Ensaio crítico de Kelly Tavares:
Cidade Baixa
Director:
Sergio Machado
Cast:
Lazaro Ramos, Wagner Moura, Alice Braga, Jose Dumont
Cidade baixa or
Sometimes, knowing the culture of a determined place is fundamental to better understand the symbols and icons of an art work.
I myself don't like violence and sexual appeals to gather the audience in a movie. Although I could understand the way these topics were explored in this movie and I could defend this point based on the symbols that it contains and on my culture as a Brazilian. Of course it doesn't redeem the strong appealing that sensual scenes evoque on our instincts, specially when their created in such a hot and primitive way. The way of senses and primitive desire, pure flesh desire, later converted in equal powerful and uncontrolled, devastating love.
All these points are due to a life stile that generates that. It is on everyday Brazilian newspapers fragmented narratives of lives involved on misery and lack of perspectives.
On this movie we have an opportunity to go further the official” facts printed on the news, we have an opportunity to understand social relations and human feelings that may flow under specific situations according to place and culture.
For those who were terrified with the rooster’s fight, should had written at the end where there was a clear note regarding the rights of this animals and clarifying that they weren’t taken to death and it was also part of the fiction. Although, they were describing a crude reality that is going on everyday in many places despite the laws’ restrictions. The symbolism between black and white related to the rooster’s colors has a direct relation between the fight that both friends will get through against one another later and also implies the racial conflicts that still enclose our cultures and it is explicit more as a matter of fact then as an implicit incentive to violence. In the contrary, the close ups on the eyes of the protagonists at the very end of the movie reveals the complicity of these friends whose eyes clearly shows the consciousness of their irrational fight. That is a final moment of redeem, after a violent catharsis.
For those who expected a happy end a social perspective as the directors proposal, I answer that the eyes close- ups were this subjective and subliminal message of love, comprehension and friendship as an alternative to the social miseries of our cruel world.

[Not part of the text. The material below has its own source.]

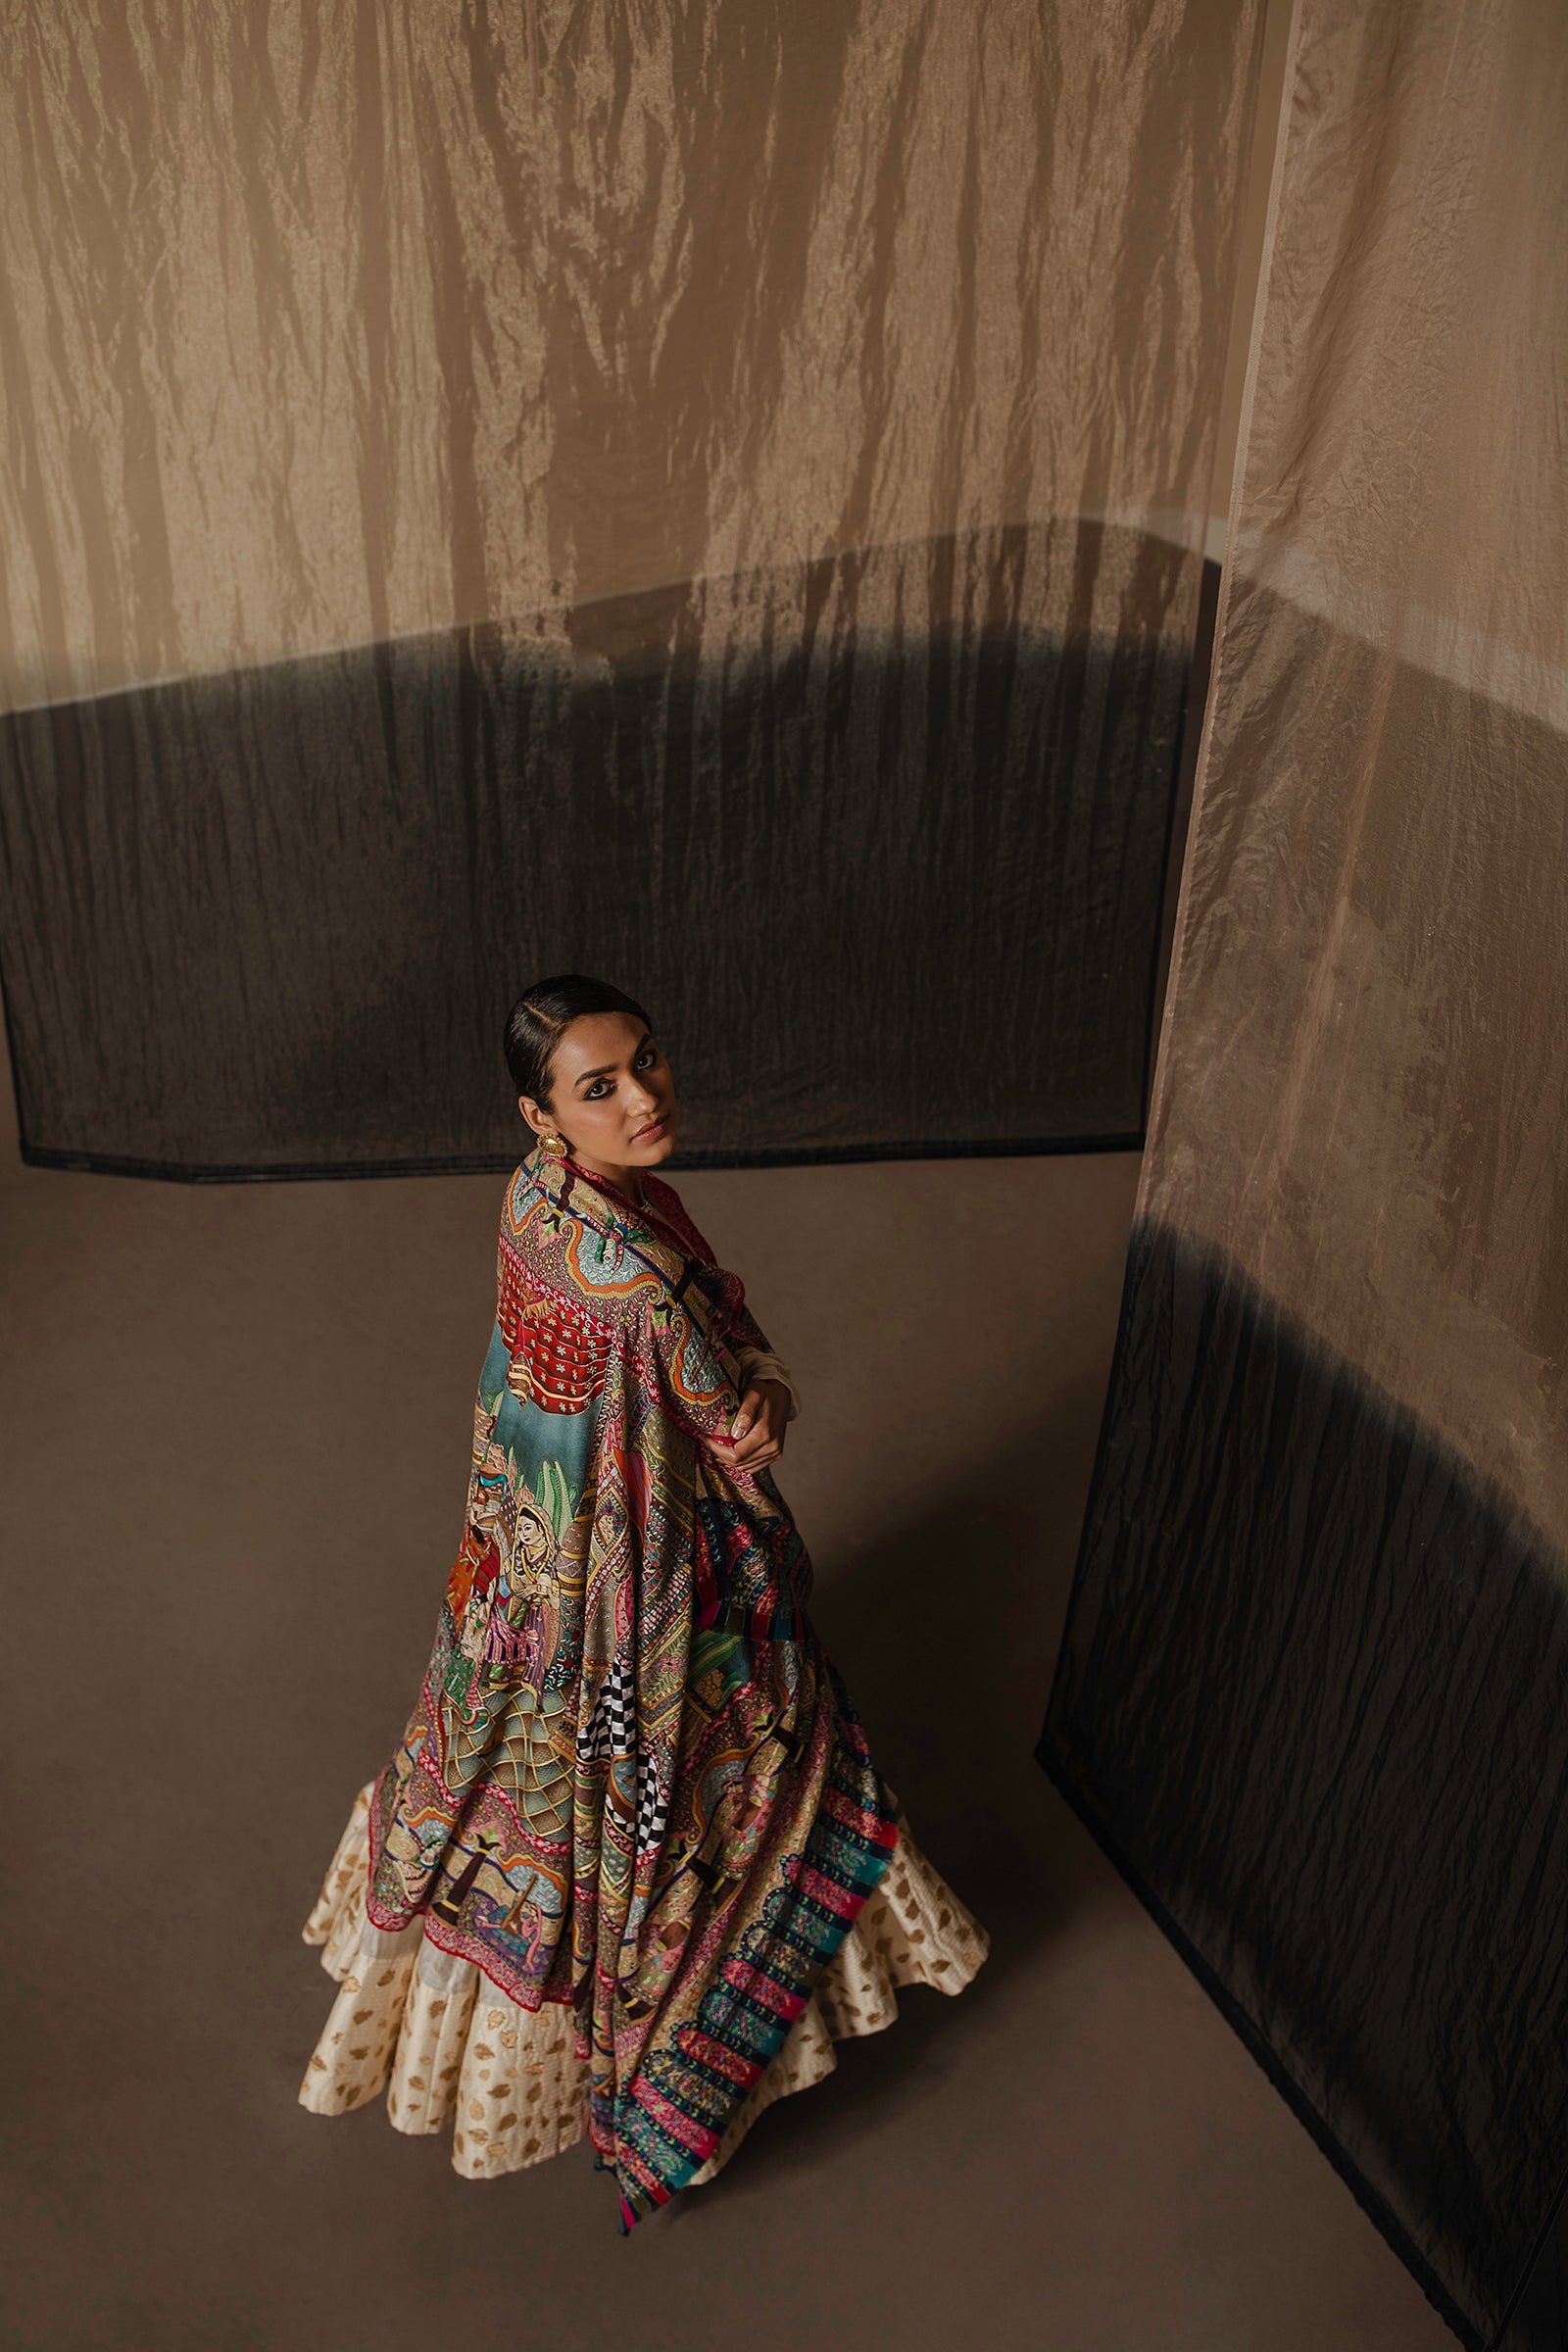 Model is wearing the Henna pashmina shawl from Shaza.

If they would finally get to a peaceful understanding and deal who knows. The authors knowledgeably lets the end rests on its on chance, without a resolution. As a metaphor to the fact that life goes with its incongruence. As a message that transmits the inability of the cinema and of art to solve social problems itself. A moral quote at the end would put on risk the quality of the movie and compromise the subtleness of the messages implicit in the body language.